* **YOUR OBJECTIVE**
Exclude the pictures and set down, unaltered, the lines from the one that holds "Joyfolie Azalea Dress in Gold Lace - image 5" through the end of the data.

START RAW DATA

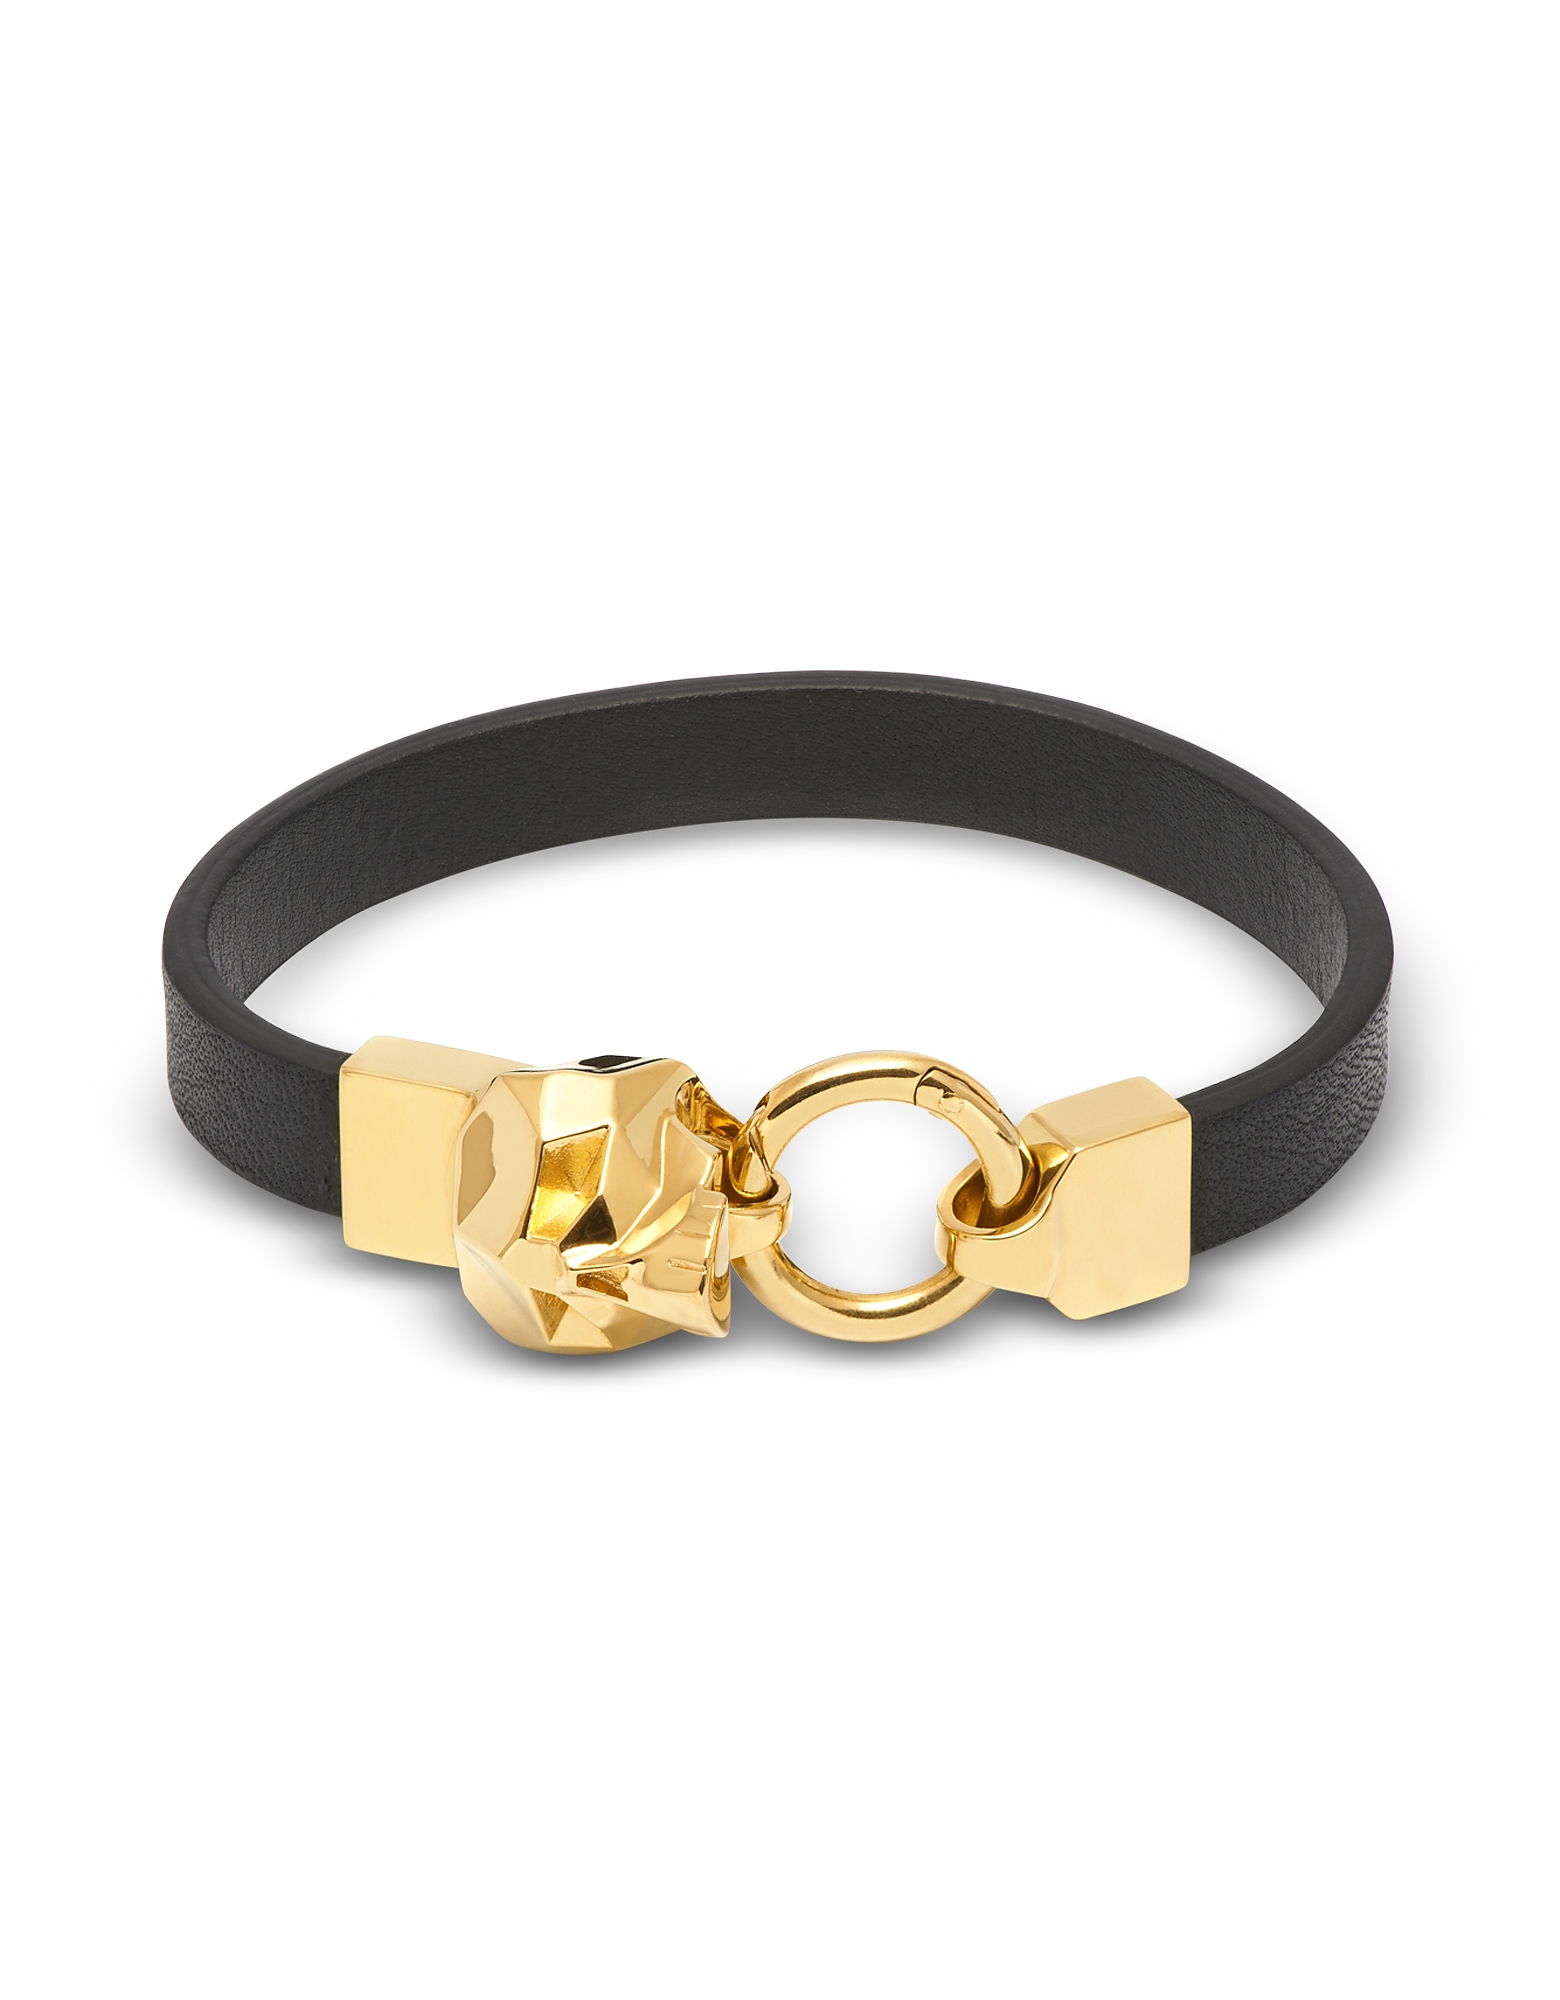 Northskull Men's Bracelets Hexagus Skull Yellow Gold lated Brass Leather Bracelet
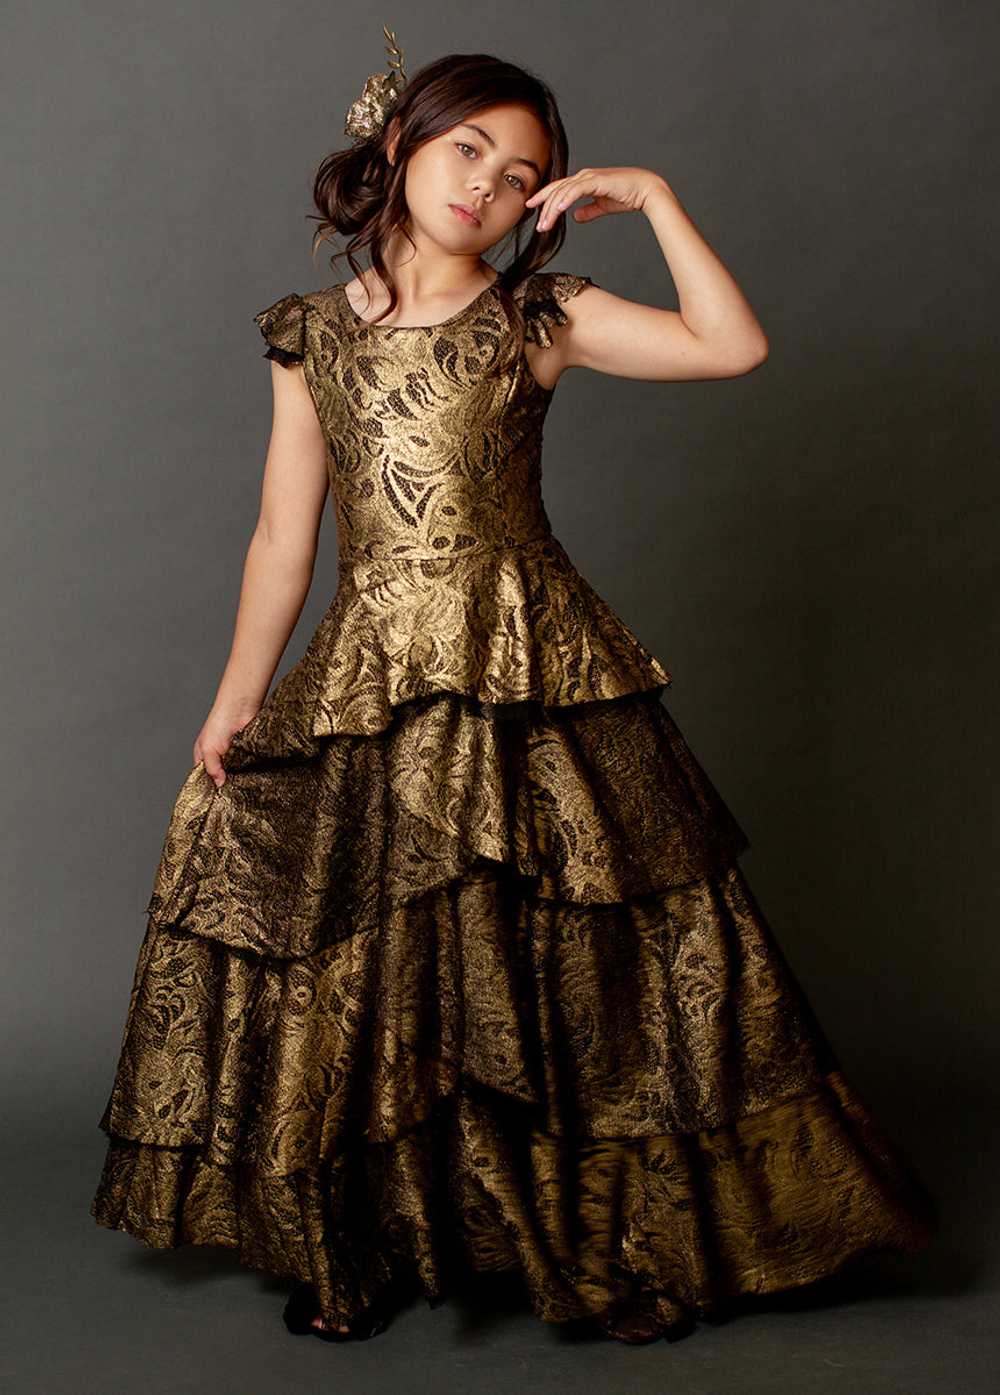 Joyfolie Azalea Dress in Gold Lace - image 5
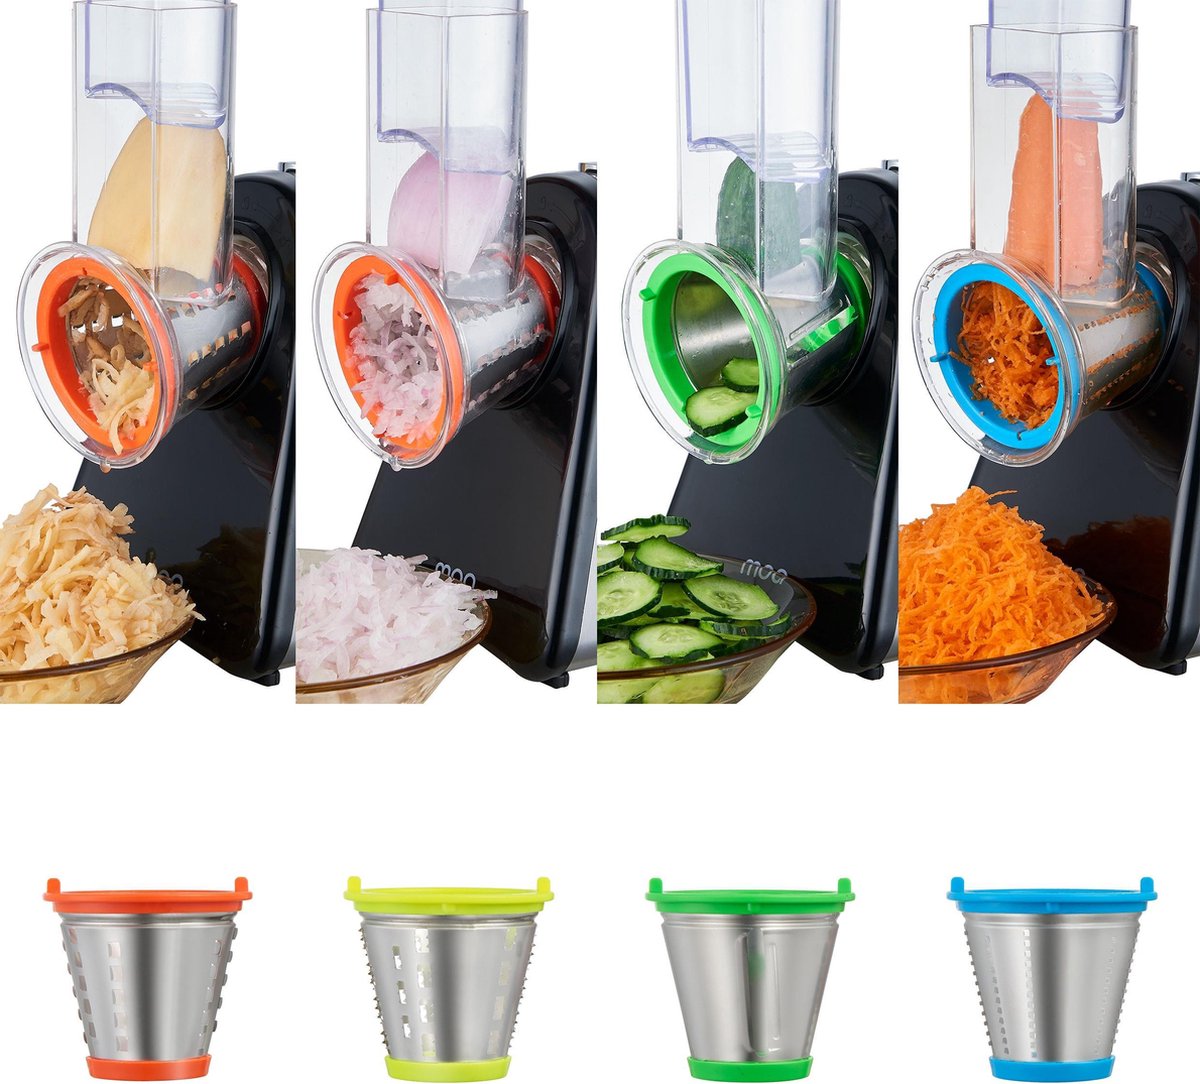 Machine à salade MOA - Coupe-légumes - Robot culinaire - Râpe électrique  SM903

END RAW DATA

* **TASK RESPONSE**
 Joyfolie Azalea Dress in Gold Lace - image 5
 Machine à salade MOA - Coupe-légumes - Robot culinaire - Râpe électrique  SM903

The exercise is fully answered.